Exercise objective. From the data below, return only the lines from the one with "chile santiago san cristobal hill wedding 15" through the one with "3 Size Chinese", exact and inclusive, with pictures left out.

Supplied entries.
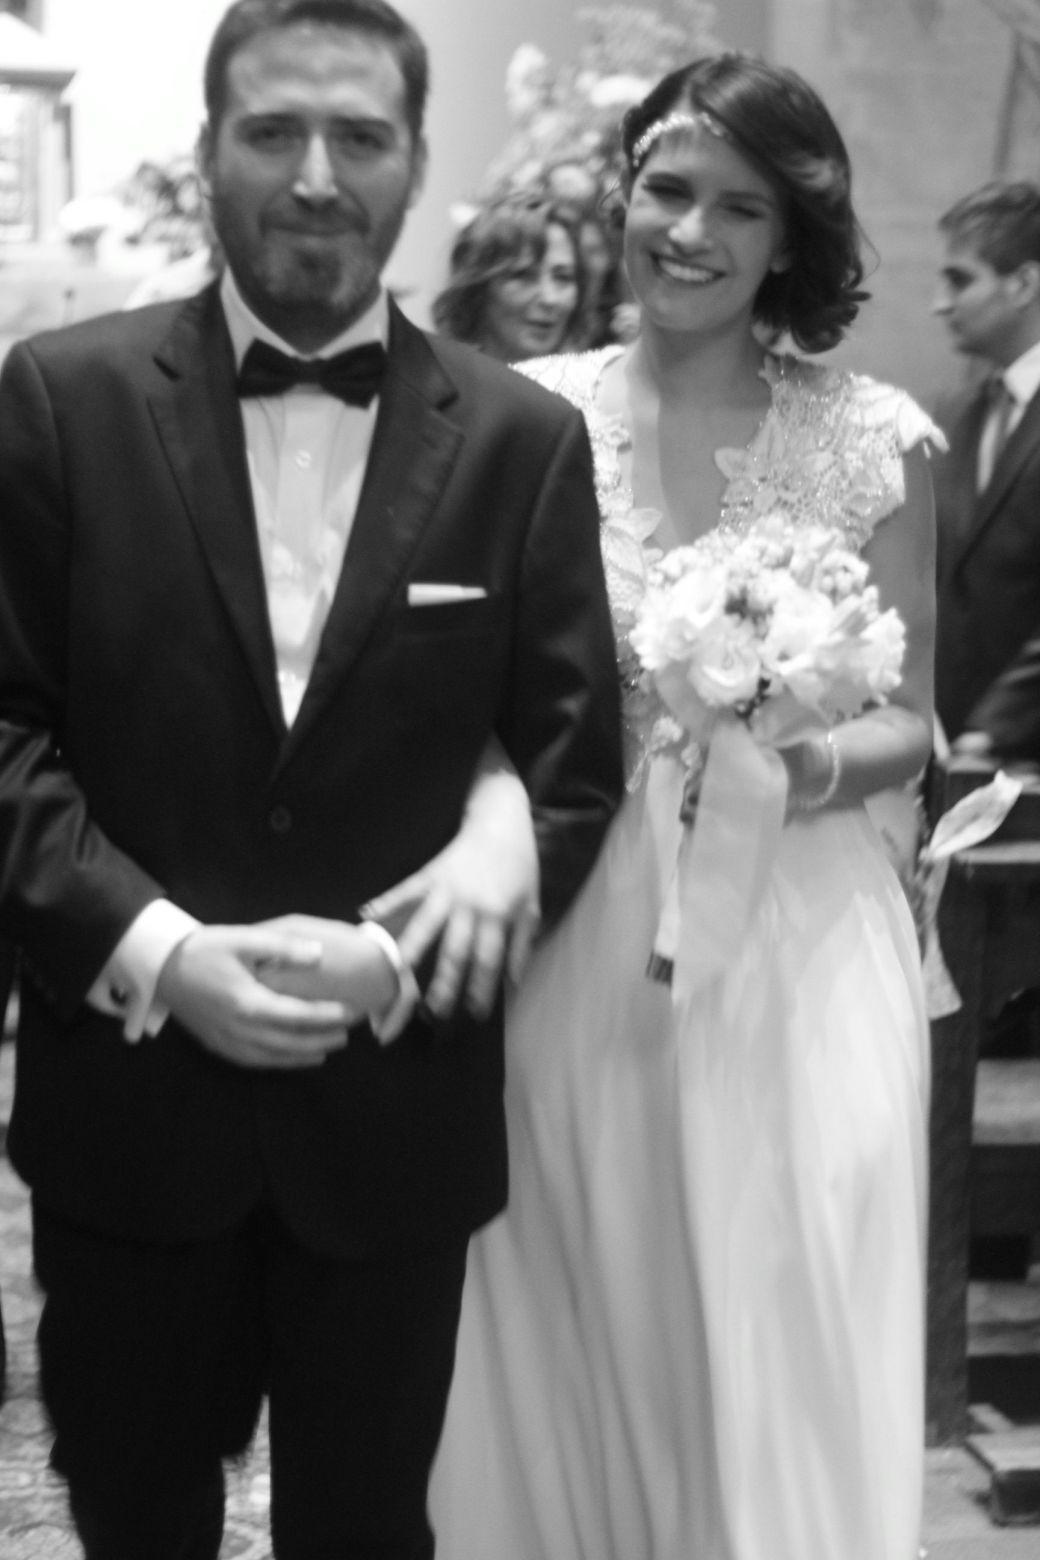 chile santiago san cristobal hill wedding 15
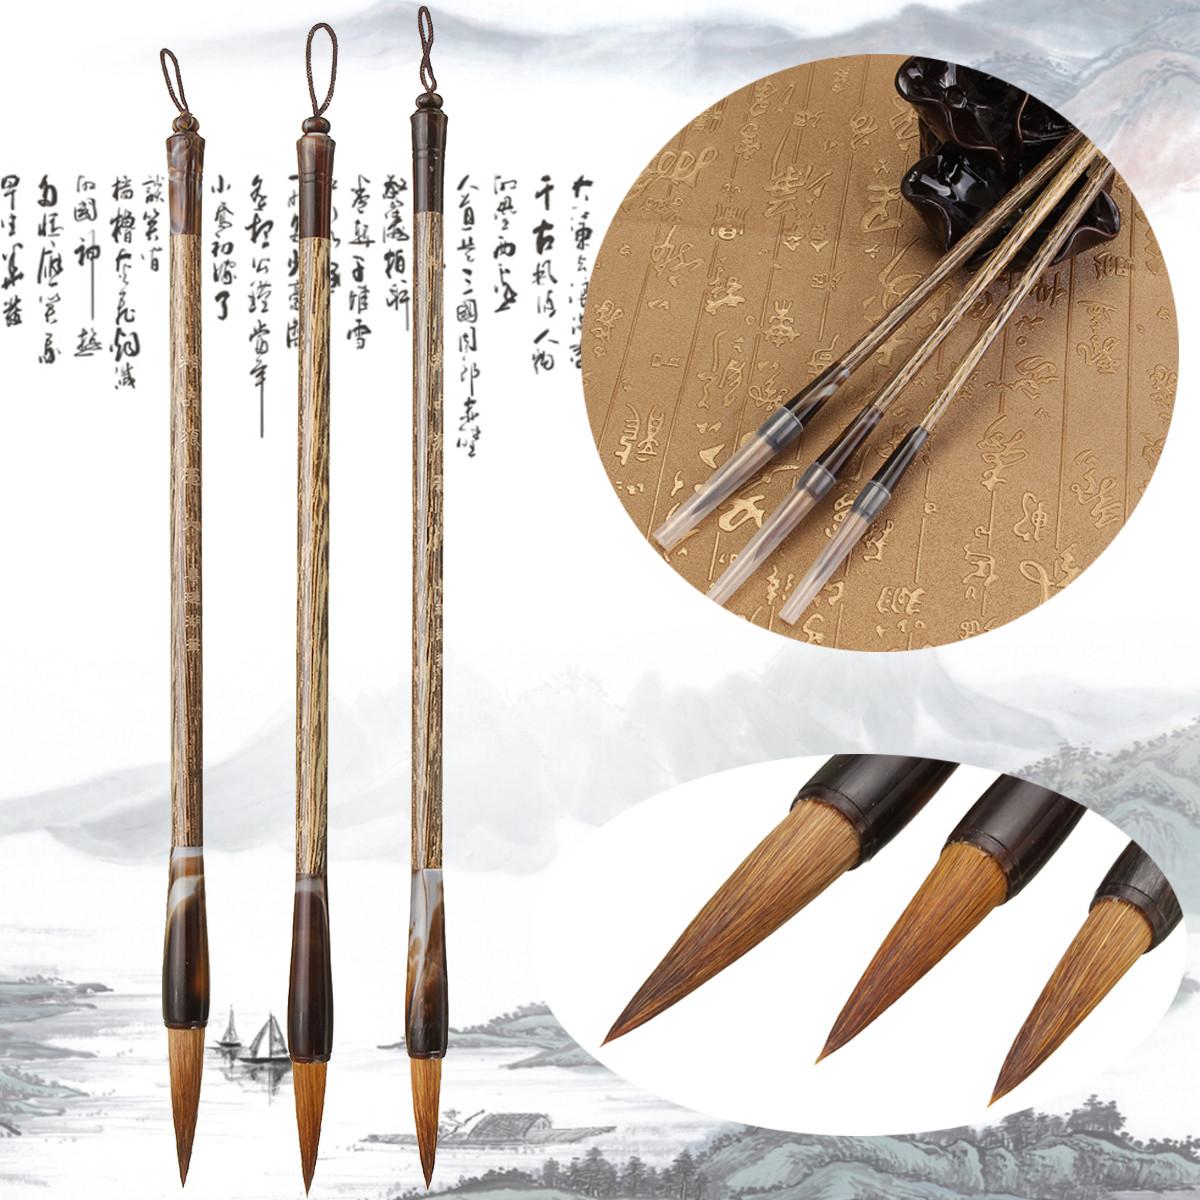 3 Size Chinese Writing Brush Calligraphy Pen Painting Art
==
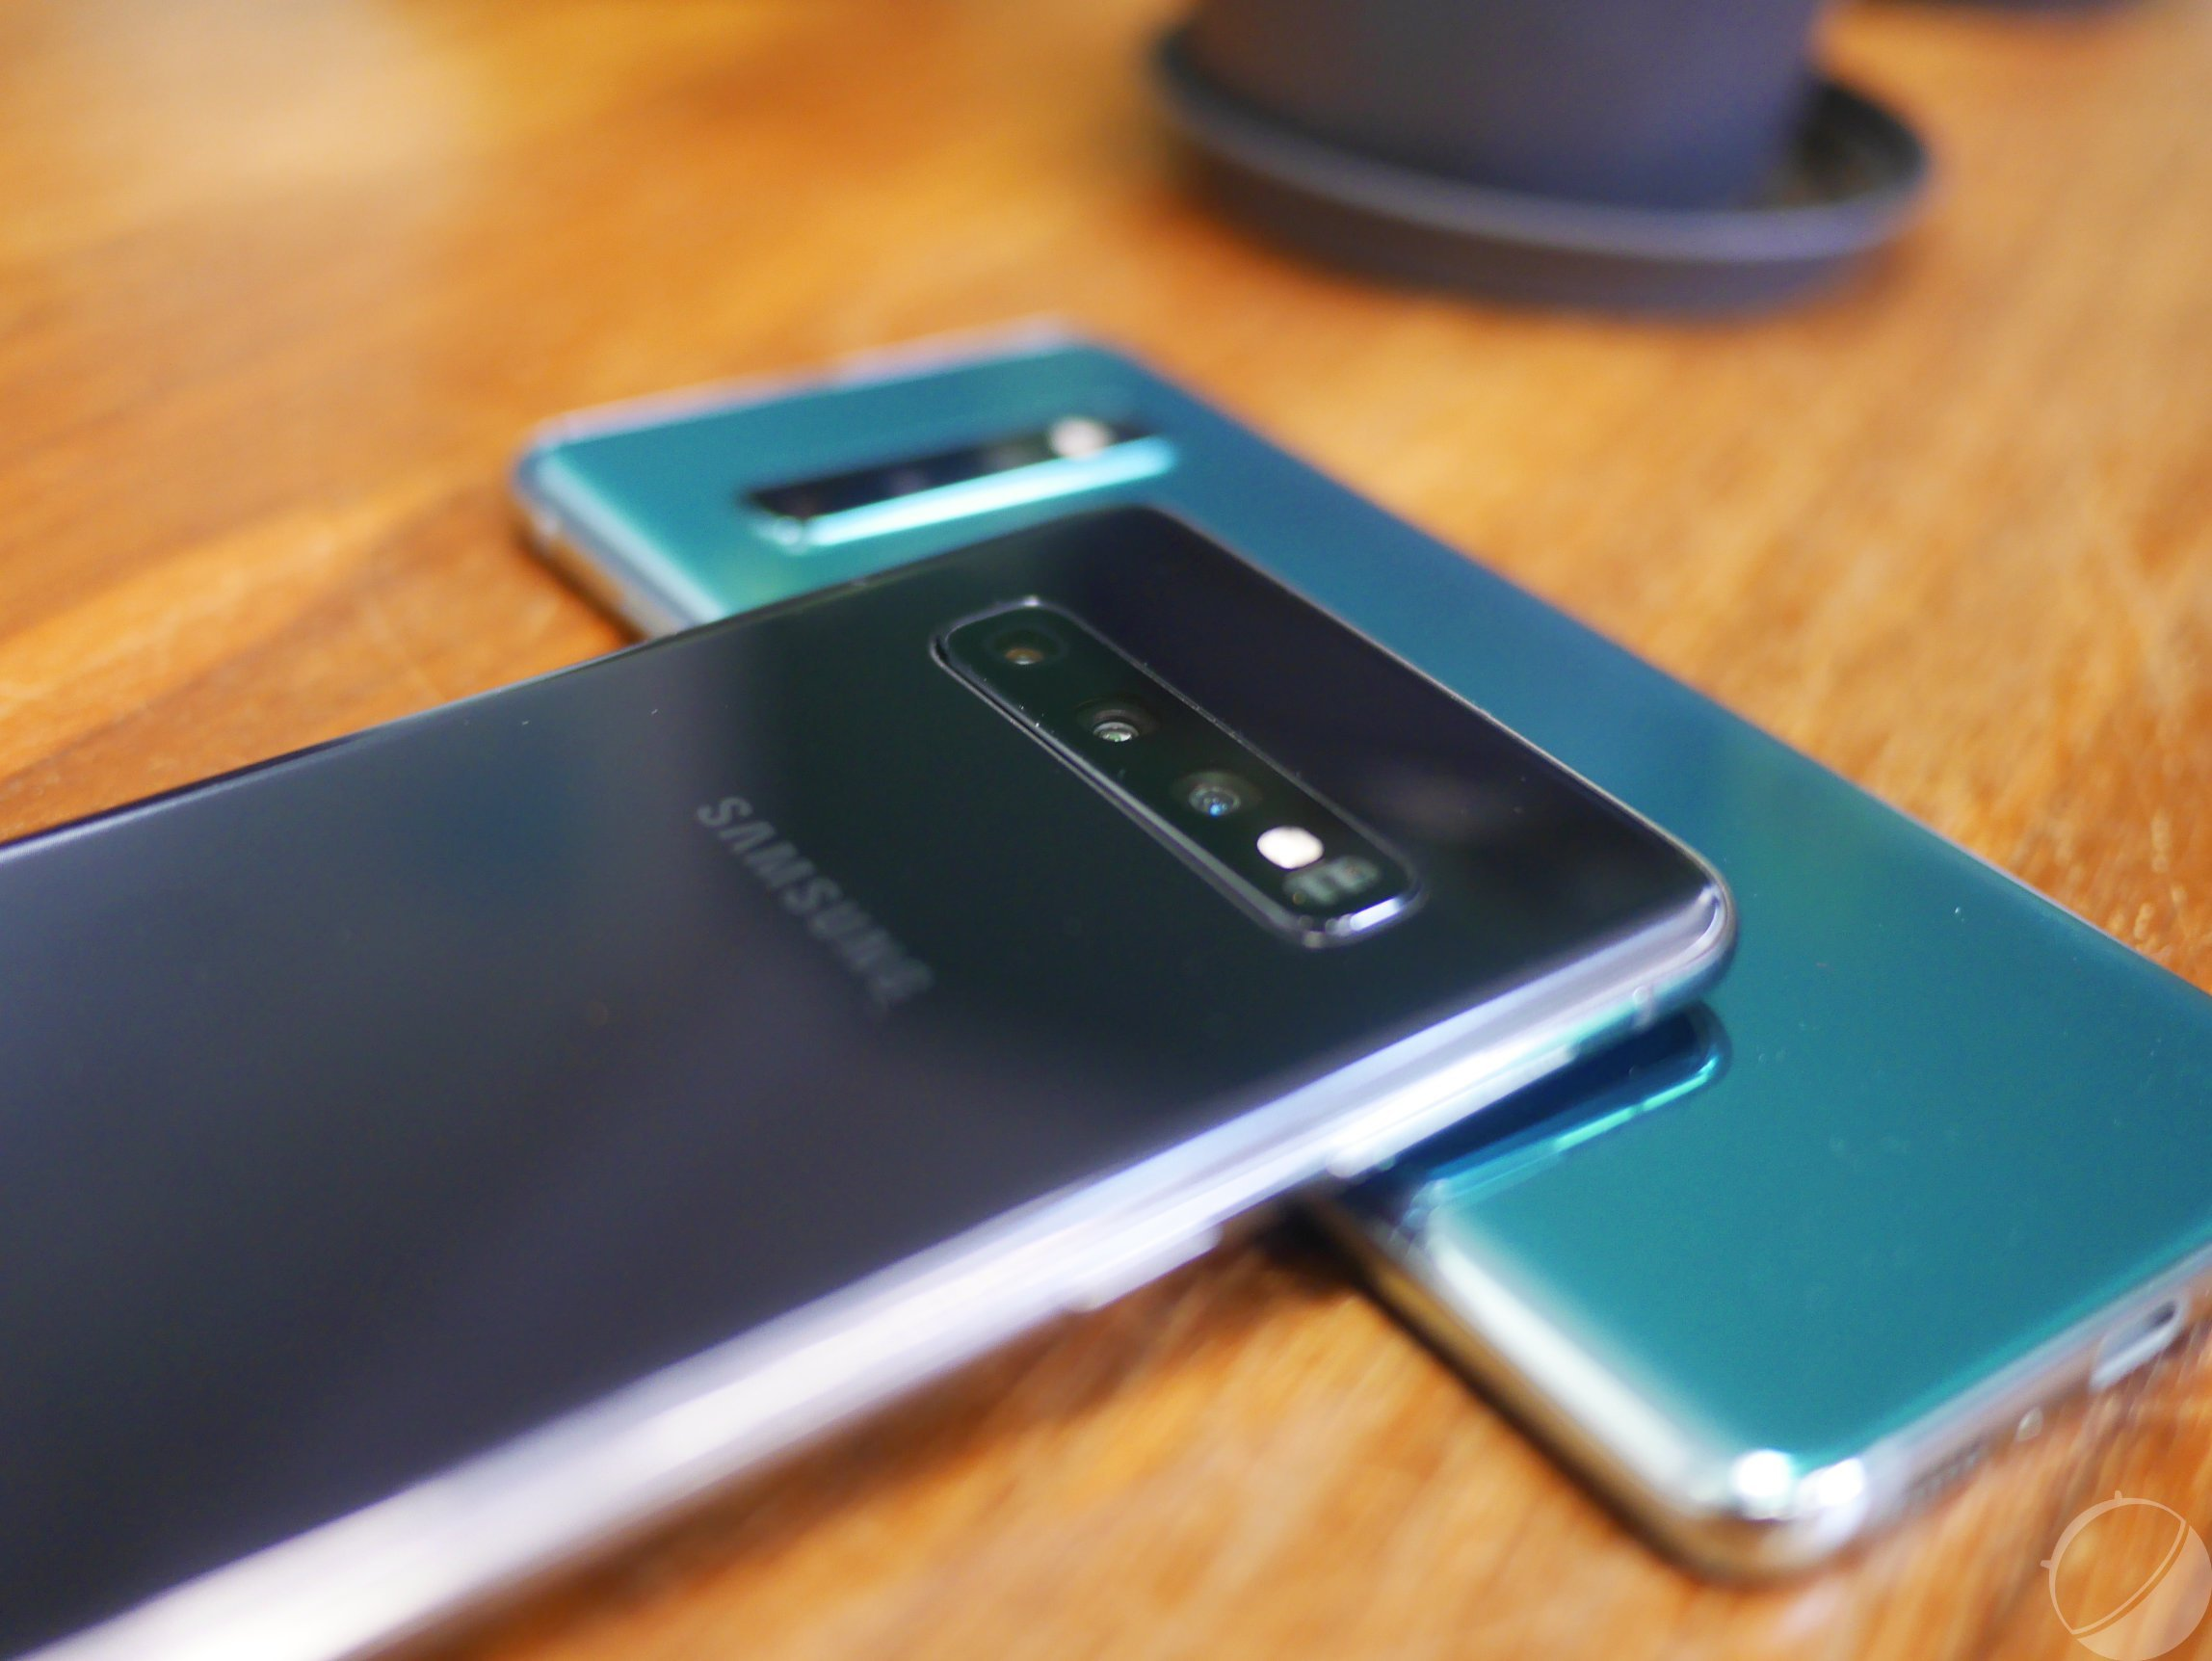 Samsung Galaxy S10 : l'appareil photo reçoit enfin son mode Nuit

Completed exercise.
 chile santiago san cristobal hill wedding 15
 3 Size Chinese Writing Brush Calligraphy Pen Painting Art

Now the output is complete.